=== WHAT NEEDS TO BE DONE ===
Quote these lines exactly: the one that holds "Drejar Gruppen for" and every line after it to the end of the material below. Skip pictures.

=== DATASET SECTION ===
= Beginning of Section =
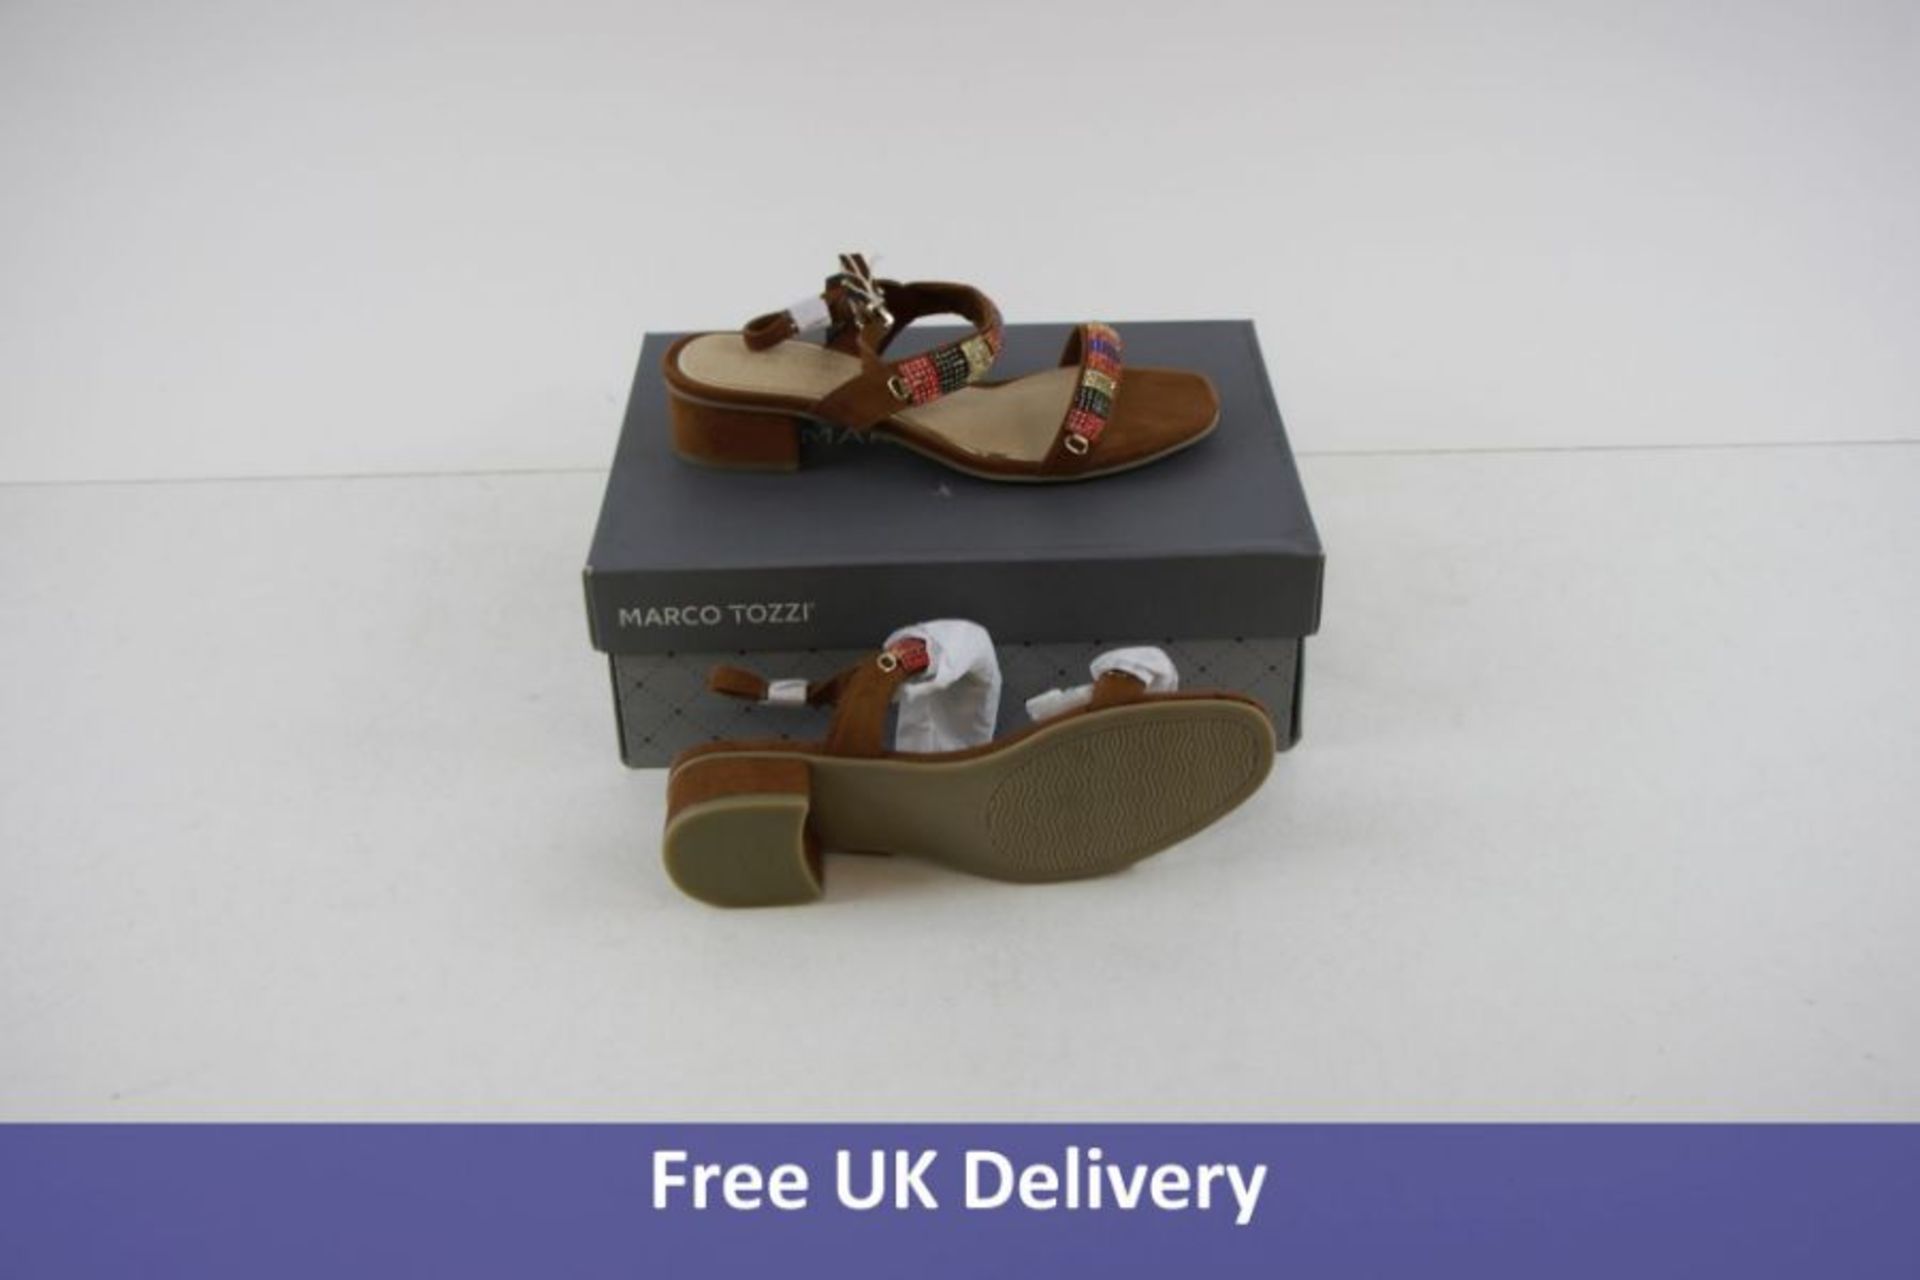 Marco tozzi Women's Heeled Sandals, Cognac, UK 5
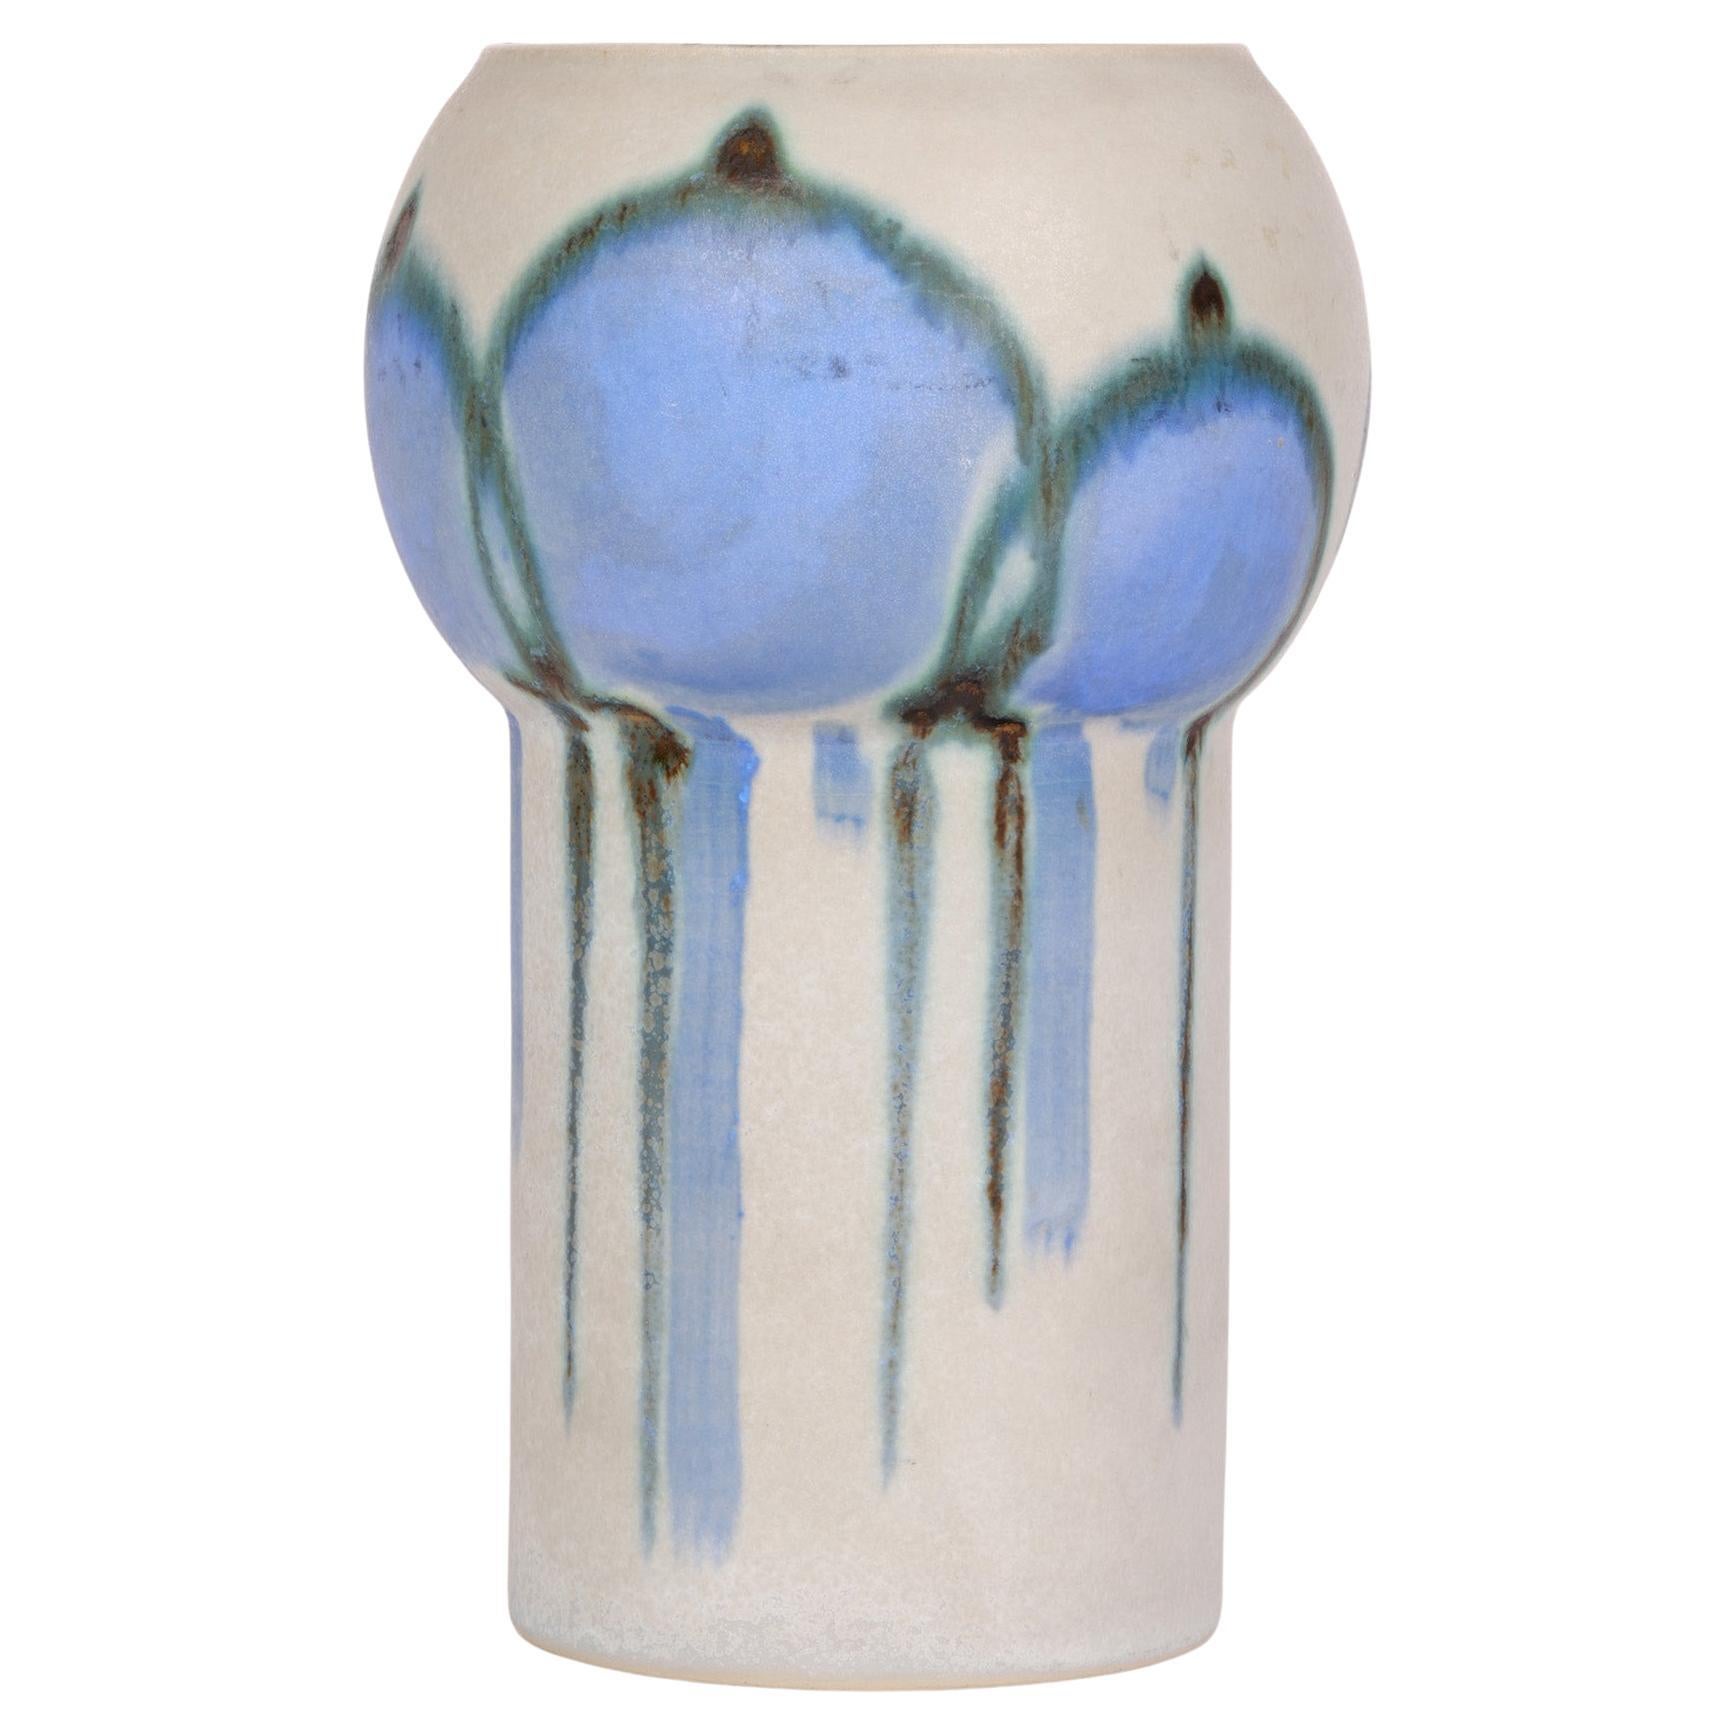 Drejar Gruppen for Rörstrand Swedish Stylized Modern Ceramic Vase, 1973
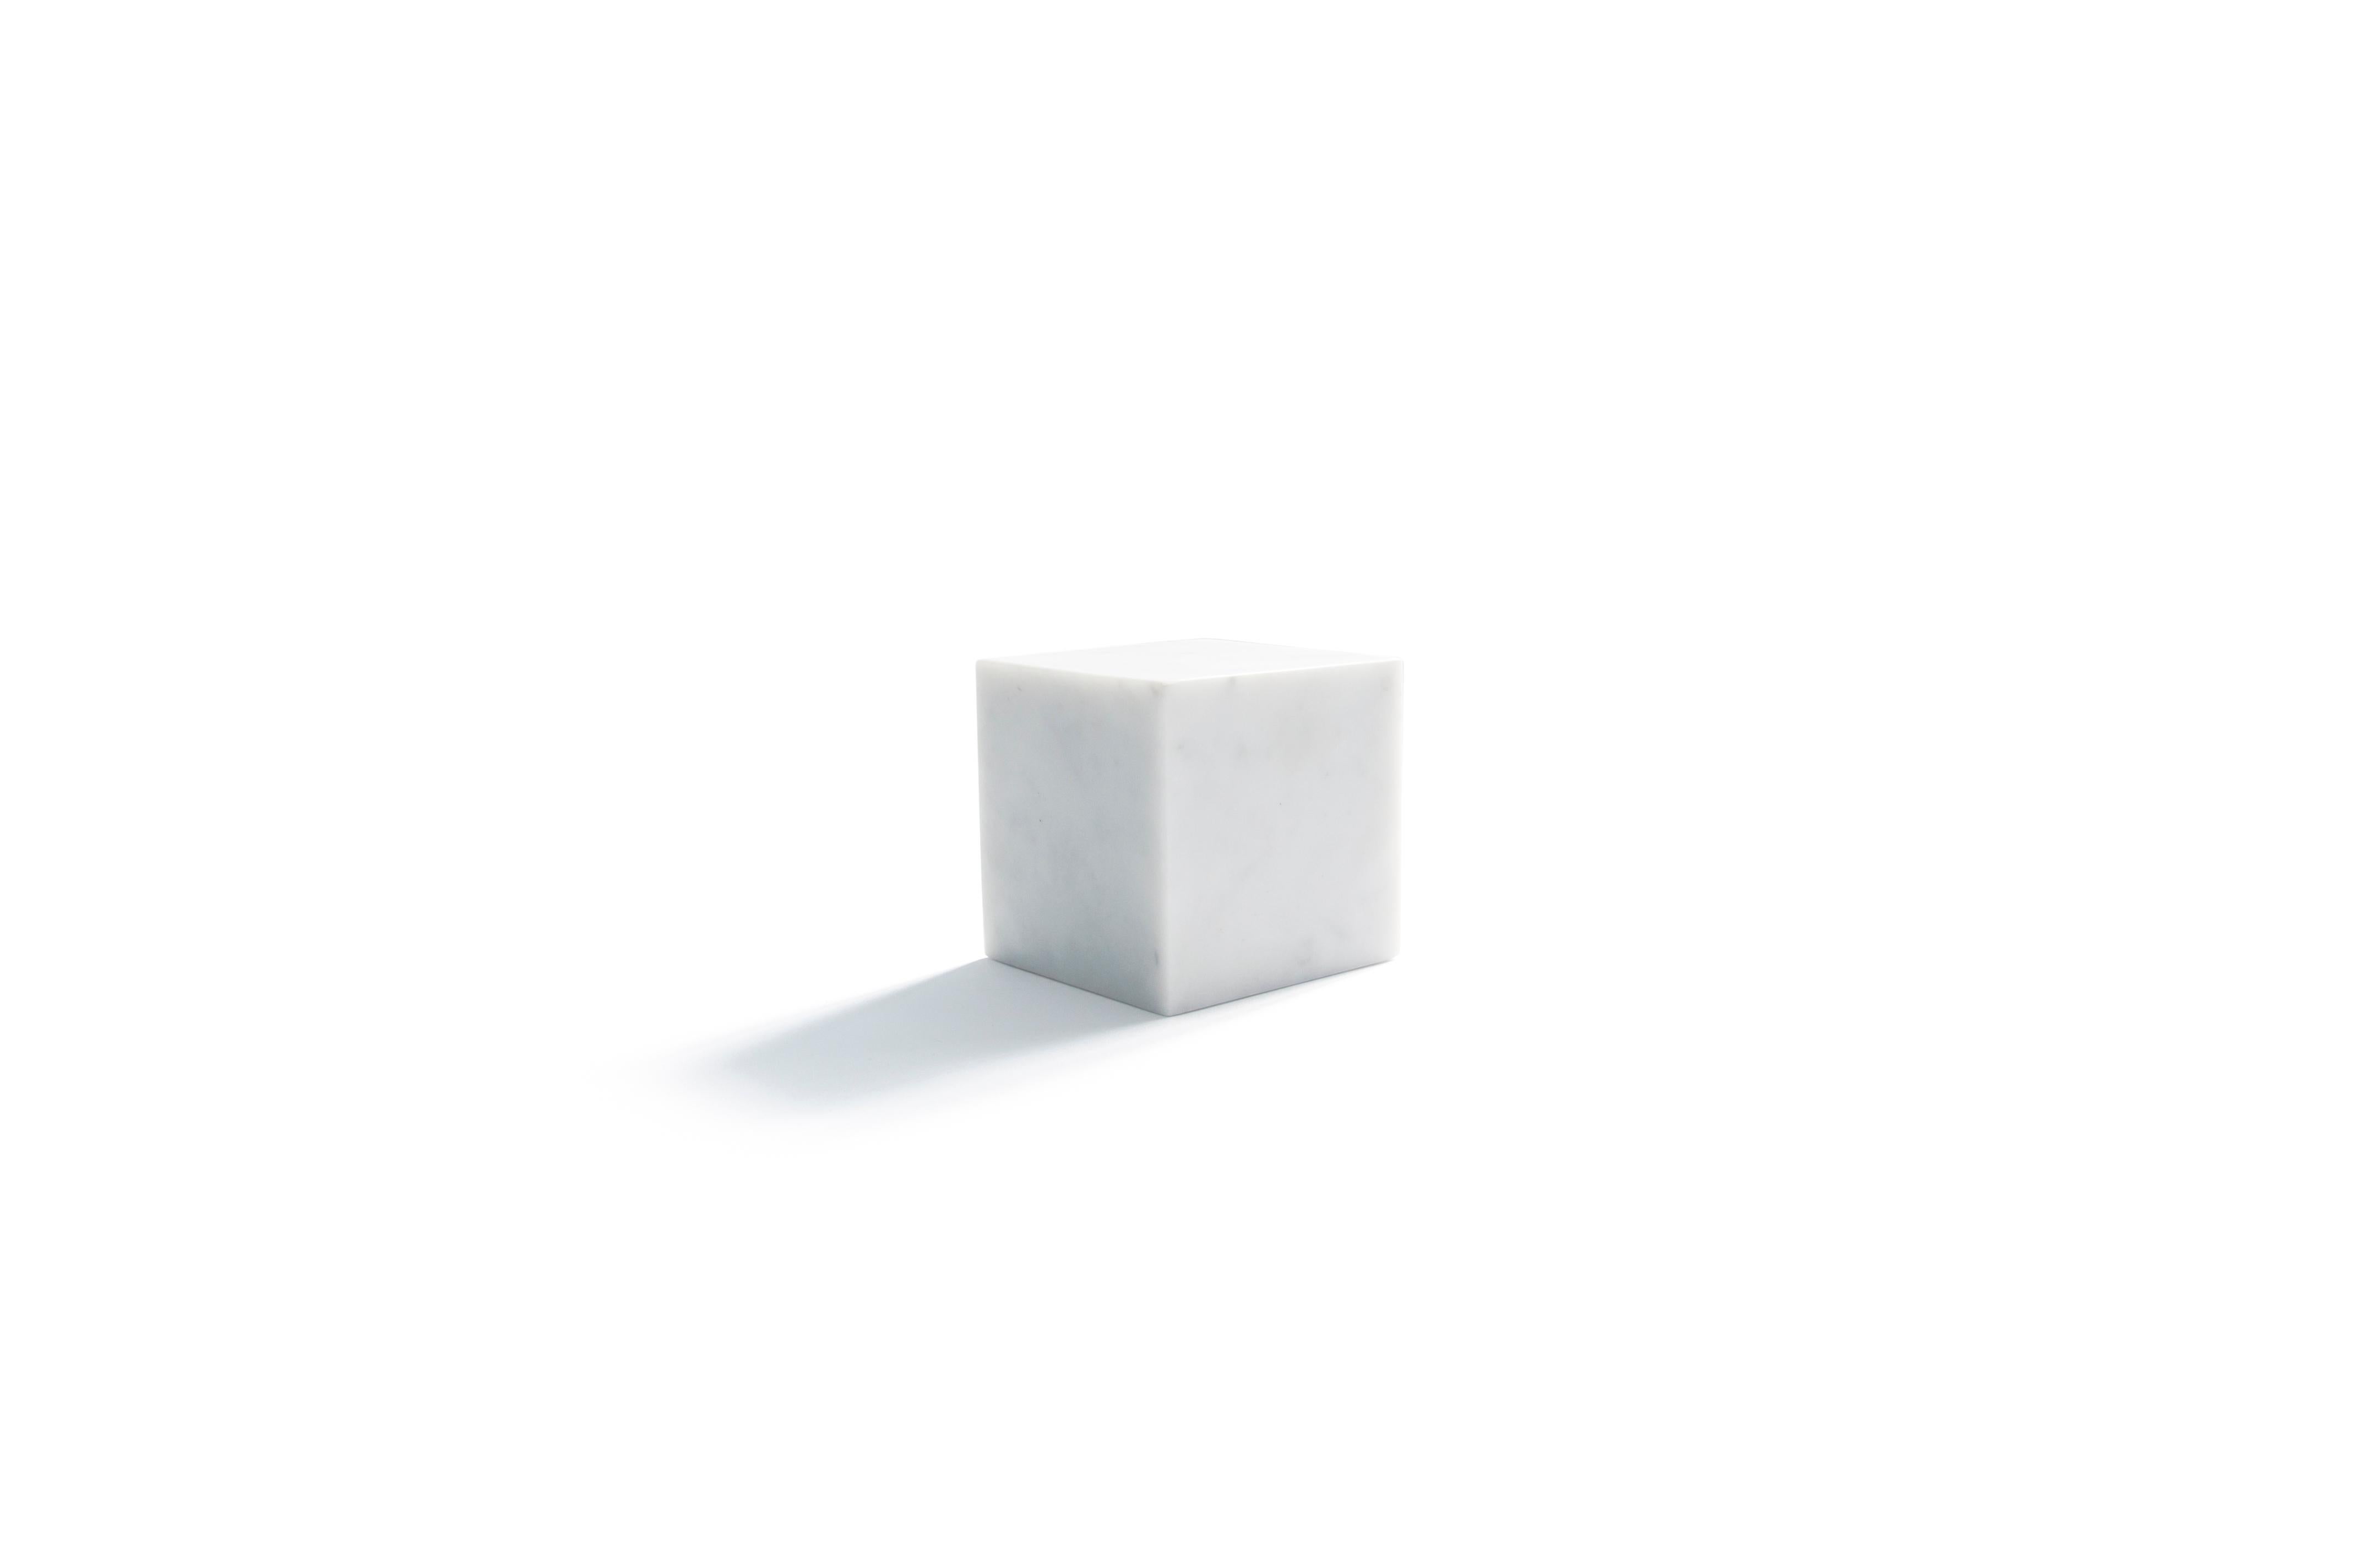 Petit cube presse-papiers décoratif plein en marbre blanc de Carrare. Chaque pièce est en quelque sorte unique (chaque bloc de marbre est différent par ses veines et ses nuances) et fabriquée à la main par des artisans italiens spécialisés depuis
= End of Section =
=== RESULT OF THIS EXERCISE ===
 Drejar Gruppen for Rörstrand Swedish Stylized Modern Ceramic Vase, 1973
 Petit cube presse-papiers décoratif plein en marbre blanc de Carrare. Chaque pièce est en quelque sorte unique (chaque bloc de marbre est différent par ses veines et ses nuances) et fabriquée à la main par des artisans italiens spécialisés depuis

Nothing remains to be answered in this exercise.